I remember biking from Boston to New York City and back.
I remember biking with Annie from New Gloucester, Maine, near Freeport, to Quebec City.
I remember the years of infertility treatments we went through in our efforts to start a family.
I remember the long October day that concluded with us bringing Peter home.
I remember a rainy mid-morning in downtown Natick; I was standing in the entrance to the office building where I worked as an art director, taking a short break and hoping the fresh air would help me think my way out of some of the graphics problems that were waiting for me back upstairs.
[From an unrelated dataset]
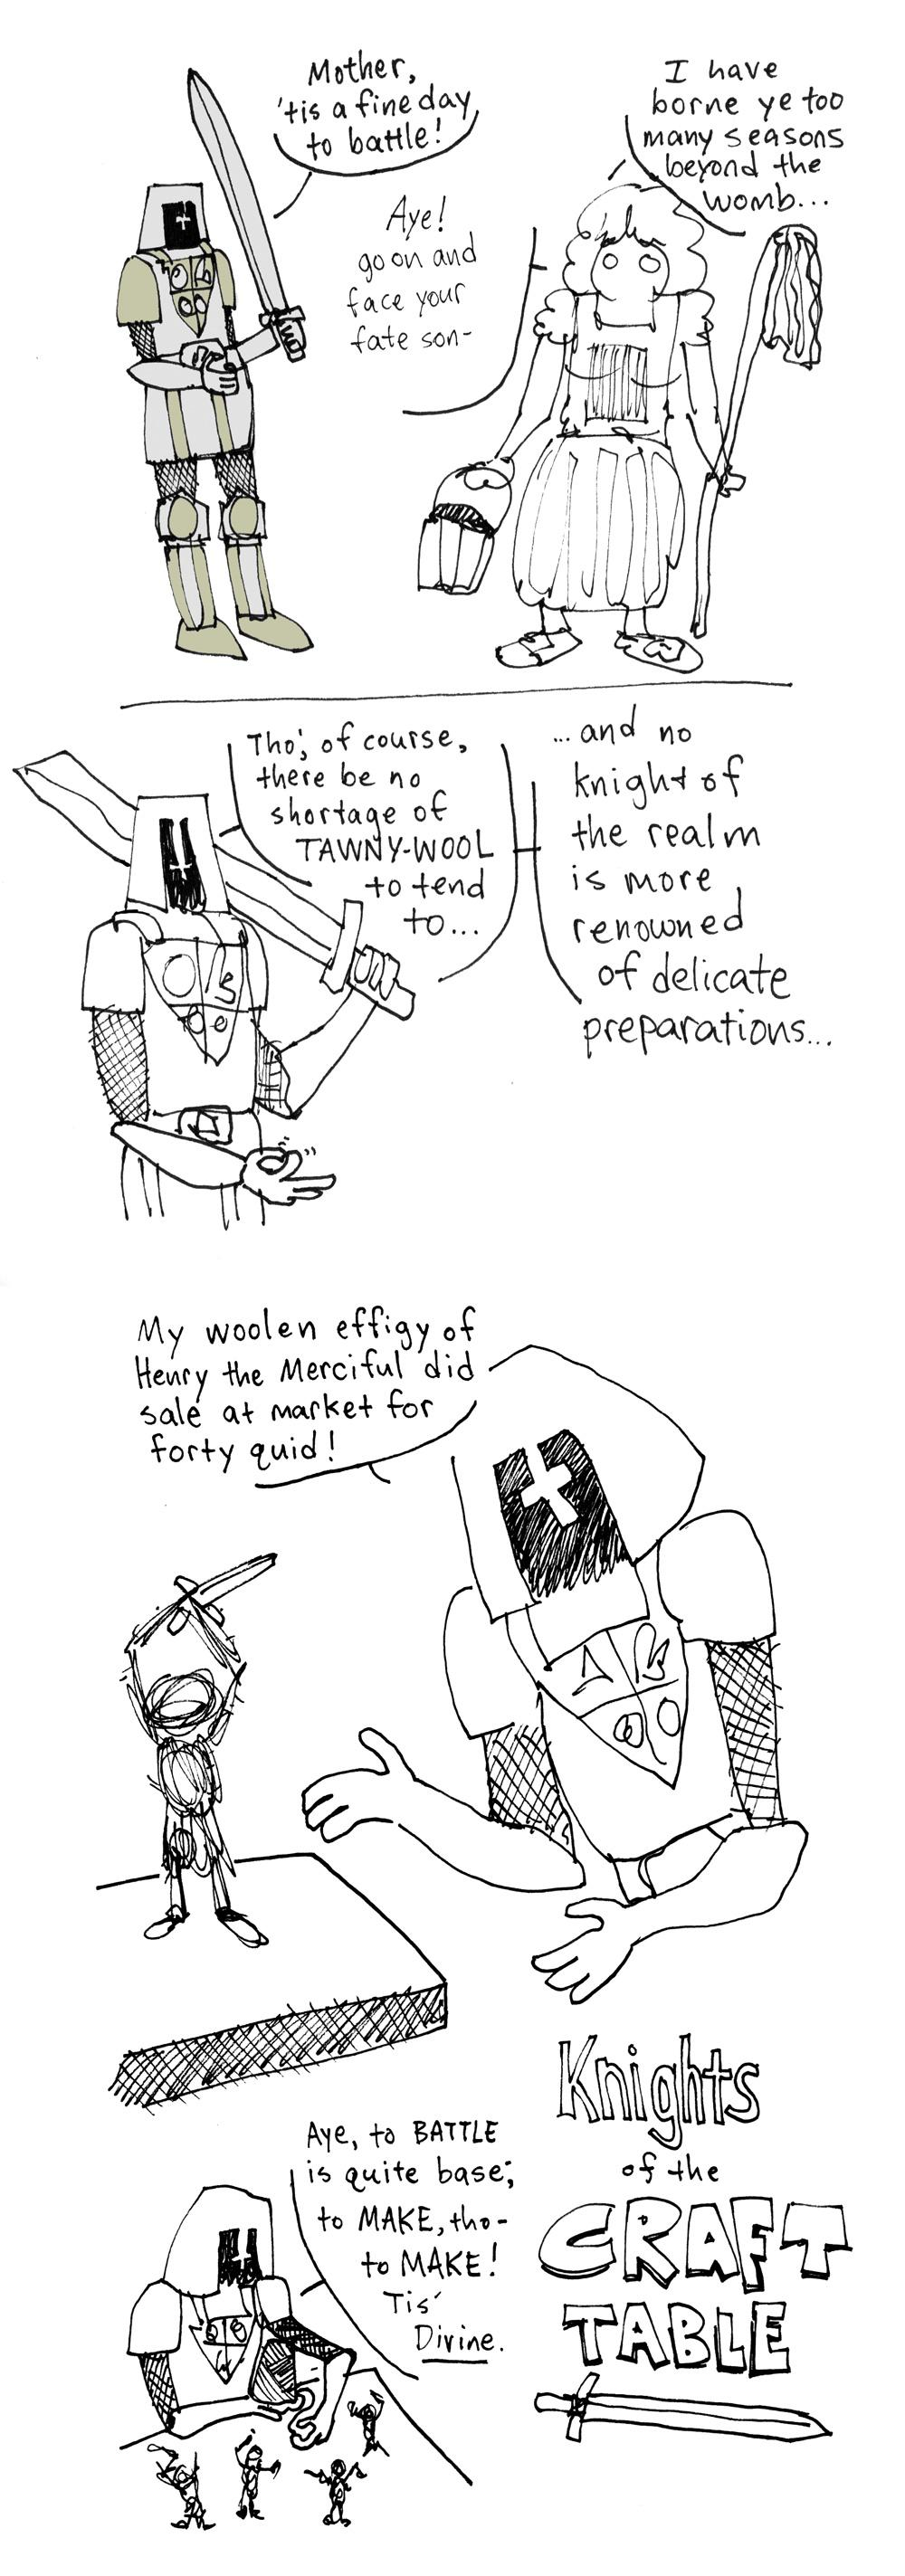 Quick improv comic - image 5 - student project

Parked cars lined busy North Main Street on both sides. To my left, along came a pickup truck that slowed and then double-parked with the engine running, about 30 feet away; I couldn’t not see it. The passenger door opened and out came a woman in a shapeless brown raincoat. Something was wrong. She staggered to the curb, made her way with some difficulty across the sidewalk, then turned and propped herself up with her back to the facade of the building next door. I remember thinking, she can’t stand up by herself. On her head was a scrap of reddish-blond hair, no more kempt than a broom. She was neither young nor old. Her face was pale. She stared into the middle distance with an empty expression. Meanwhile the door of the pickup truck slammed shut; I saw two men inside, also neither young nor old. They were in a hurry to leave, it appeared. The tires squealed a bit as they pulled out into the travel lane. The driver was wearing a polo shirt; I don’t remember what the other one was wearing but they would have seemed just like . . . two regular guys, except it was the middle of a weekday morning and they weren’t at work and, it was suddenly apparent to me, they had just dropped off the prostitute they were done with. O little town of Natick! The driver turned his head for a moment and looked back. I remember thinking, he’s checking to make sure she’s still upright, and that nobody had noticed or was following them. It was a sneaky, bad-little-boy gesture: hey, no one saw us smash that window, right? Then he gunned it out of there. The woman stayed where she was, waiting, I supposed, for her ride. With shaking hands she lit a cigarette. And it was past time for me to get back to work.
I remember a lot of things I wish I could forget, and I wonder why that is, both the remembering and the wishing to forget. Sometimes I think that I don’t really want to forget these troubling things, and I wonder why that is, too. Maybe it’s because I grew up with the Bomb, which is still with us.